Test for Anaemia in Pregnancy:

During the first prenatal appointment, your doctor will conduct a blood test to check whether you are anemic or not. Blood tests include:

  • Hemoglobin Test – This test is done to check the hemoglobin level in your body.
  • Haematocrit Test – This test measures the percentage of red blood cells in the blood

In case you have normal levels of any of the following, it means you might be suffering from iron deficiency anemia. If that’s the case, your doctor will go for other blood tests to determine the iron deficiency. However, if you do not have anemia during the first trimester, your doctor would suggest you get another blood test to check the anemia.

Some Facts

  • According to WHO, more than 40% of pregnant women across the world are suffering from Anaemia.
  • Anemia treatments range from Vitamins to blood transfusions.
  • A vegetarian diet has less iron, Vitamin B 12, and folate.
  • One of the common types of anemia is iron-deficiency anemia.


Anemia is one of the common health problems that is faced by pregnant women.
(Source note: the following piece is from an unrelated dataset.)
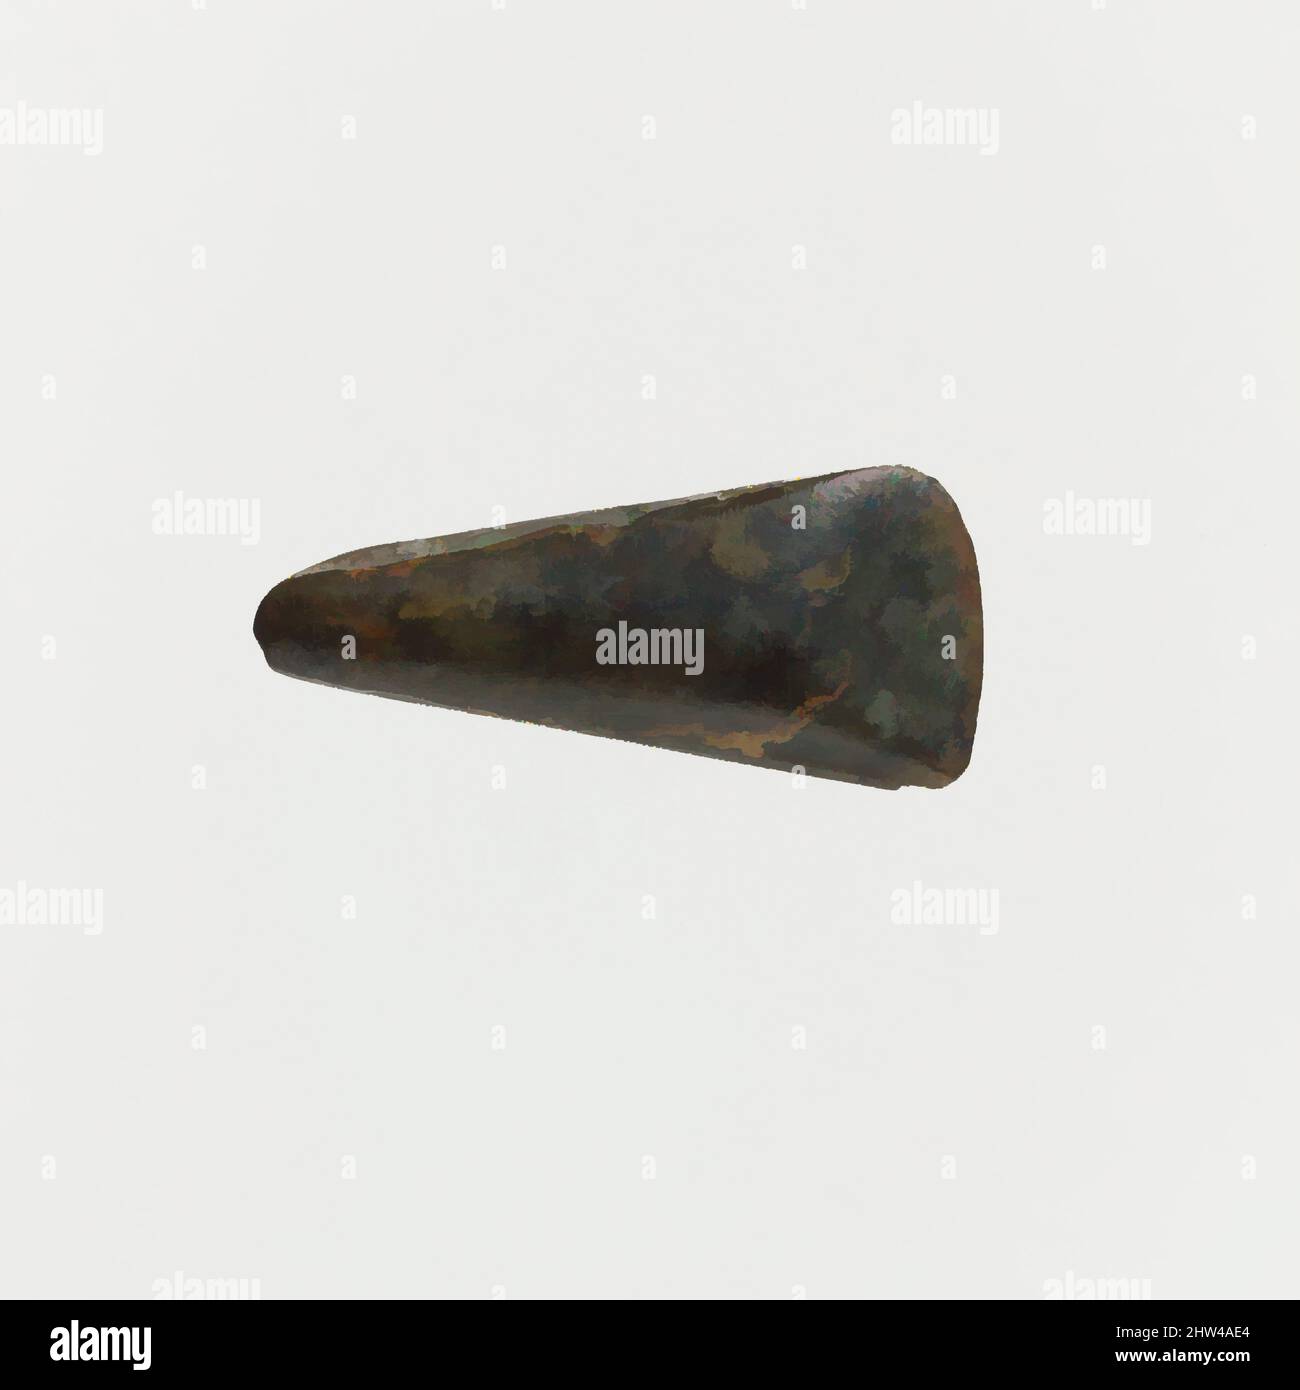 Art inspired by Small hornblende triangular axe, Neolithic, 6th–4th millennium B.C., Cretan, Stone, Length 1 1/4 in. (3.2 cm); H. 1/2 in. (1.2 cm), Miscellaneous-Stone, Celt, Classic works modernized by Artotop with a splash of modernity. Shapes, color and value, eye-catching visual impact on art. Emotions through freedom of artworks in a contemporary way. A timeless message pursuing a wildly creative new direction. Artists turning to the digital medium and creating the Artotop NFT Stock Photo

It could be due to lack of iron, folate, Vitamin B12, and Vitamin C.


1. How does anemia affect pregnancy?

Anemia during pregnancy can cause a baby’s low birth weight, premature birth, and maternity mortality.

2. How can I prevent anemia during pregnancy?

Consume foods that are rich in iron, folate, Vitamin C, and Vitamin to prevent anemia during pregnancy.

3. Does Anemia go away after pregnancy?

Yes, if you consume enough of Vitamins, iron, and folic acid, your anemia might go away after pregnancy.

4. What is considered severe anemia in pregnancy?

Hemoglobin less than 7.0g/dl is considered to be severe anemia in pregnancy.